An Unpredicted Outcome of Our Exchange: Testable Hypotheses

Each of the three commentaries on our target essay highlights obstacles to distinguishing real from pseudo-expertise in the political realm—and raises issues that we welcome the chance to address. Robin Hanson poses a puzzle: Why are thoughtful people so reluctant to embrace technologies, such as prediction markets, that have a track record of improving predictive accuracy? John Cochrane defends beleaguered hedgehogs by proposing that the comparative advantage of hedgehogs lies in their deep understanding of causal linkages and their ability to generate accurate conditional forecasts, something that we failed to capture in the forecasting exercises in Expert Political Judgment. And Bruce Bueno de Mesquita brings into focus the dangers of treating the fox and hedgehog approaches to knowledge as mutually exclusive. He suggests that hybrid approaches, such as his own, are best positioned to optimize forecasting performance in a noisy and densely interdependent world.

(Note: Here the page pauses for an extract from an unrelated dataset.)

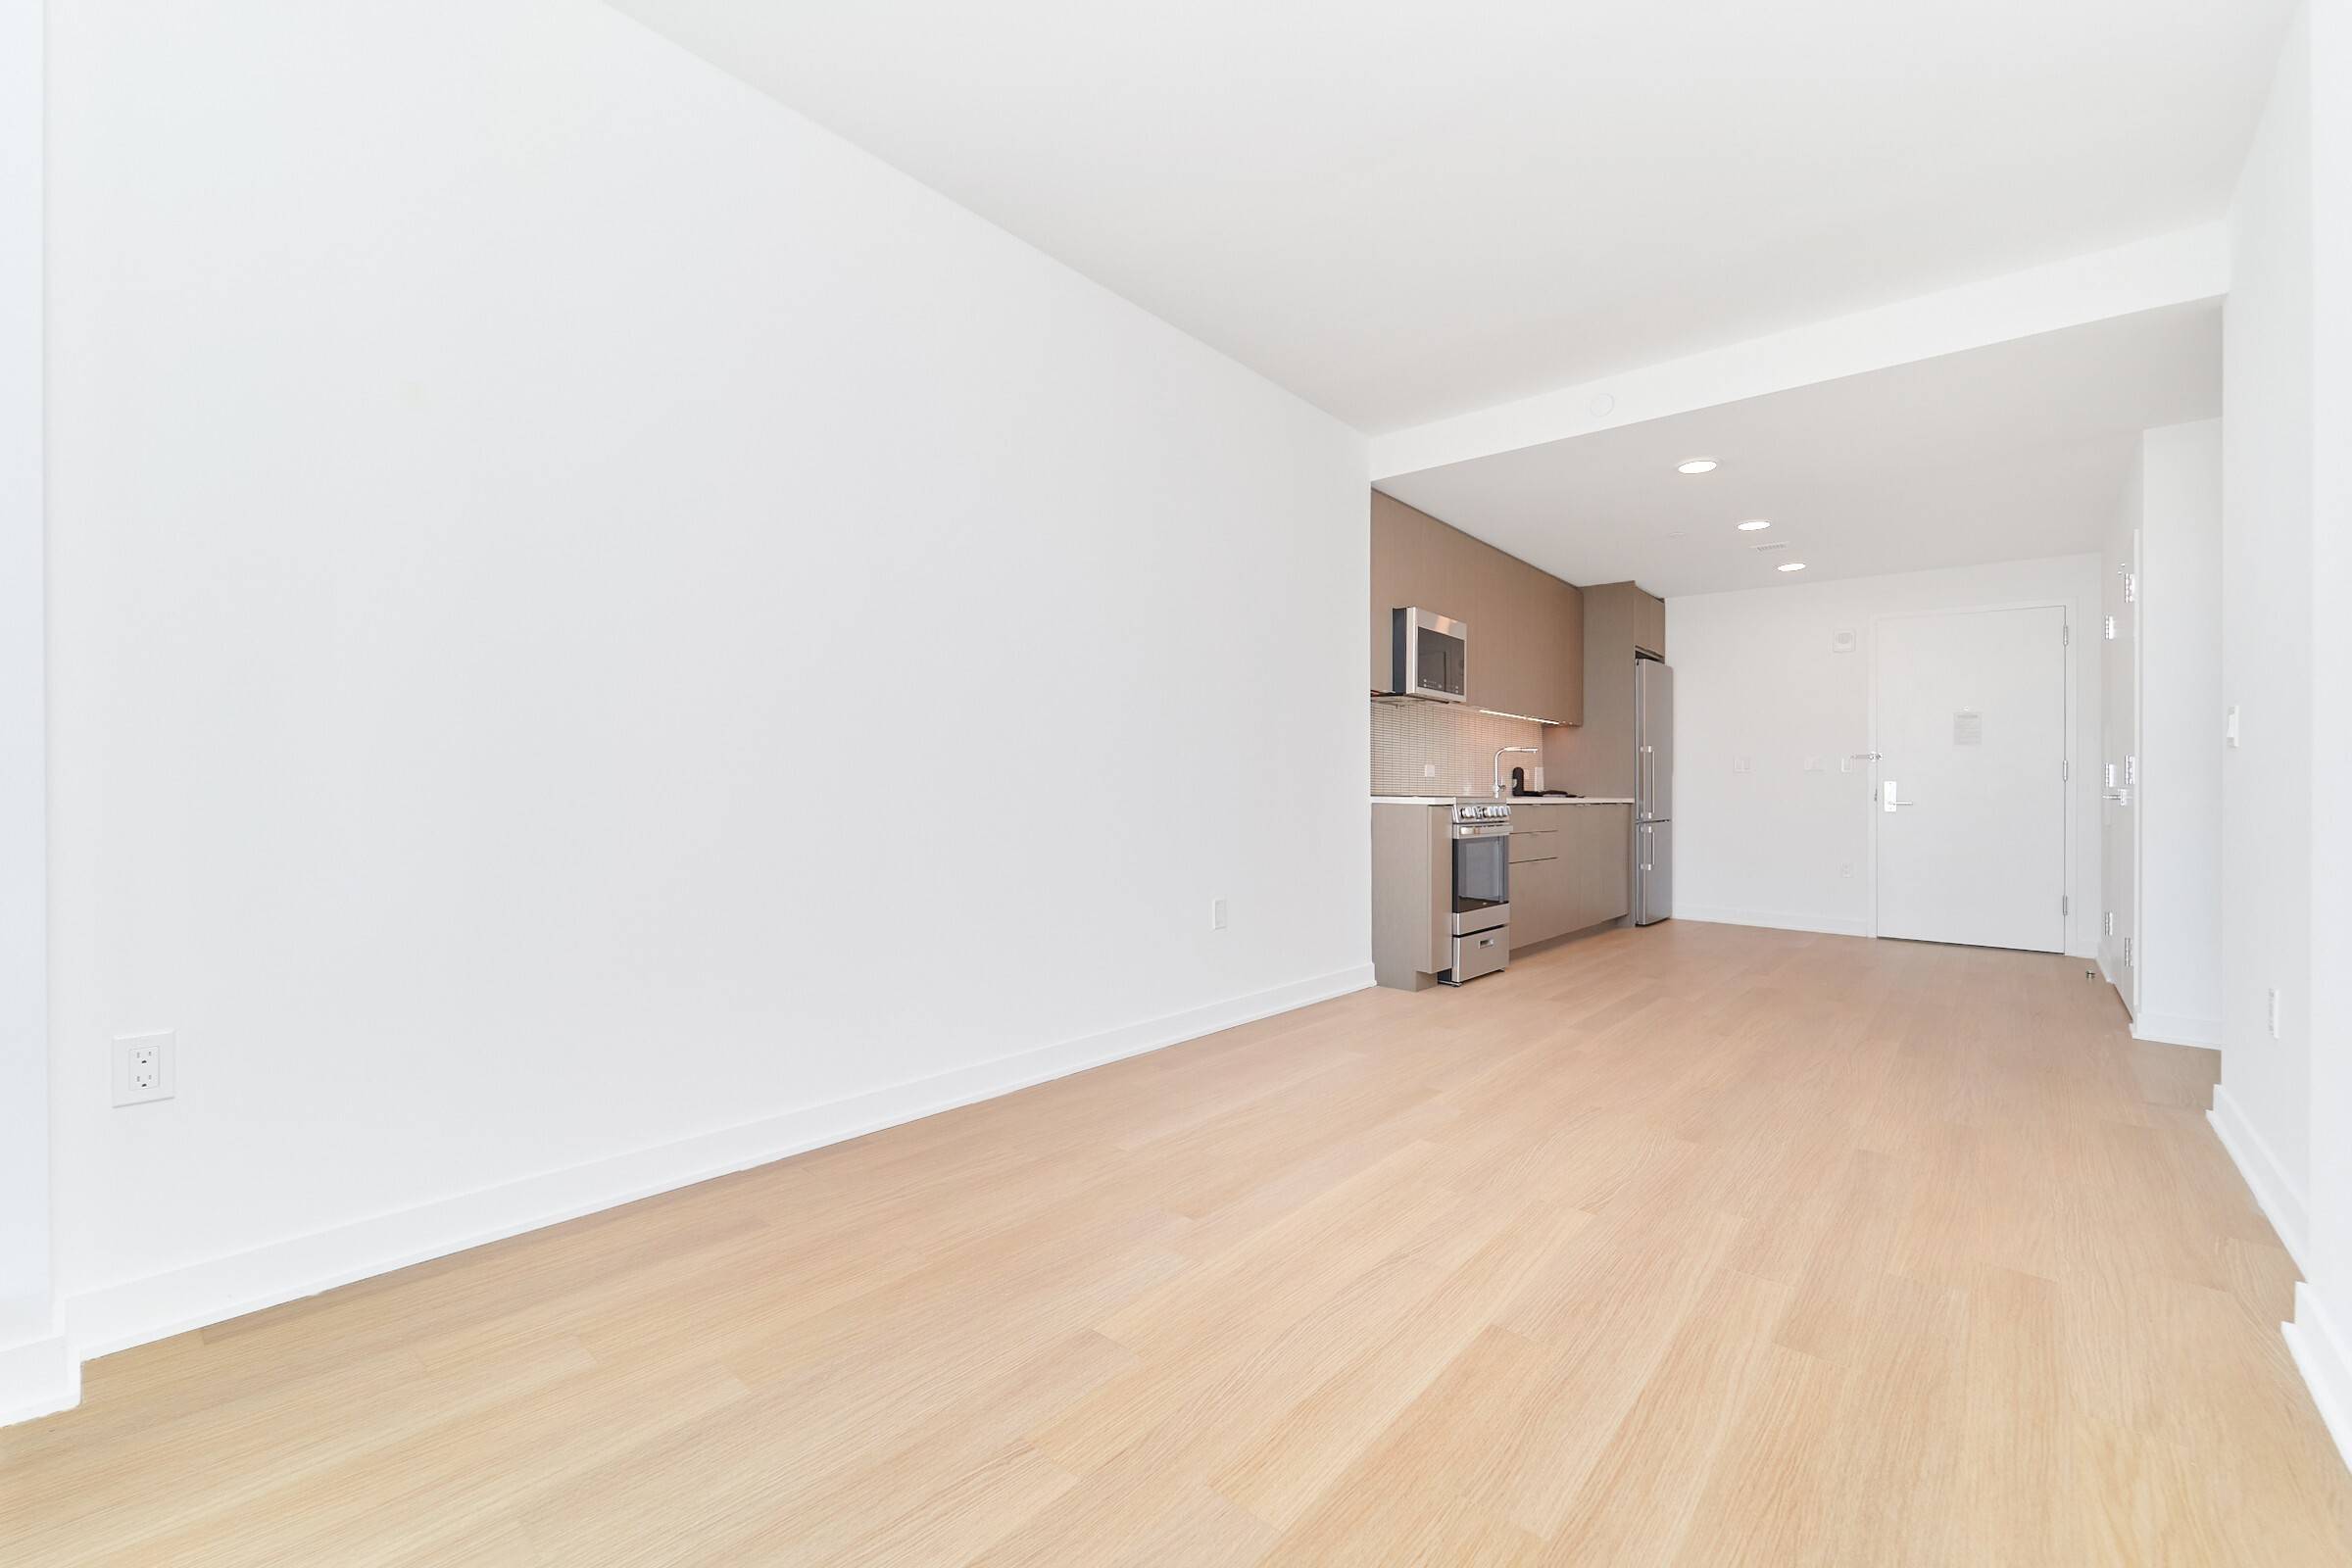 Unparalleled North facing 1 bedroom home with panoramic views of the Manhattan skyline in one of the most desirable luxury buildings in the Prospect Height area.

Readers hoping for polemical sparks to fly will be disappointed. To be sure, we have our disagreements with the commentators. But we see the arguments they raise as reasonable—and, far more important, testable. We would not be upset if subsequent work found support for each. And we see no reason why reasonable people cannot come to agreement on what would count as fair tests of these hypotheses. In a nutshell, we see wonderful opportunities to advance knowledge—and let the ideological chips fall where they may—which is the spirit of both the Expert Political Judgment project and its IARPA sequel.

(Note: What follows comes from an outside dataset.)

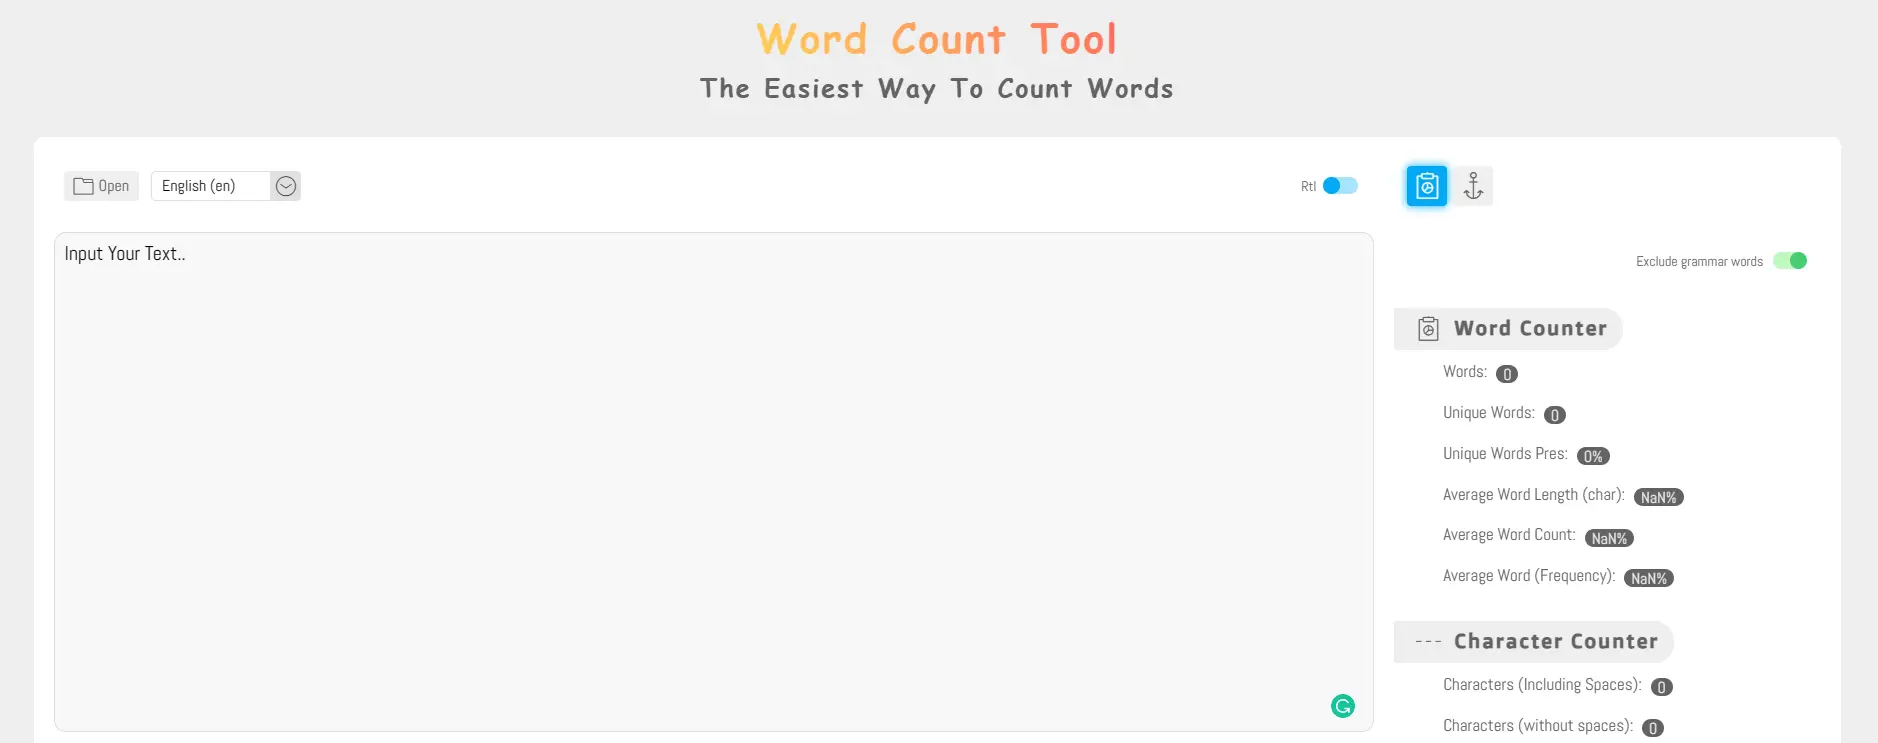 How do you use the word counter tool

Robin Hanson and Forecasting Tournaments: Threatening to Elites and Enticing to Their Challengers

Hanson’s reply brought to mind the scene in the movie A Few Good Men in which Jack Nicholson, the colonel in charge of Guantánamo, is badgered by a young idealistic attorney, Tom Cruise, in a murder investigation. In response to the attorney’s earnest entreaties that he just wants the “truth,” Nicholson launches into a tirade: the idealistic attorney has no inkling of the ugly trade-offs that the defense of liberty requires. He wouldn’t recognize, less tolerate, the truth if it stared him in the face.

That scene came to mind because Hanson finds so little real-world interest in the “truth.” Excellent econo-detective that he is, he explores the implications of this finding via deductive logic: (1) simple inexpensive tools, such as prediction markets, are already easily available for assessing accuracy and for improving it; (2) many people in business and government are aware of the efficacy of these tools but still do not embrace them; (3) so there must be either hidden costs to these tools beyond their nominal price tags or fewer benefits than advocates are supposing.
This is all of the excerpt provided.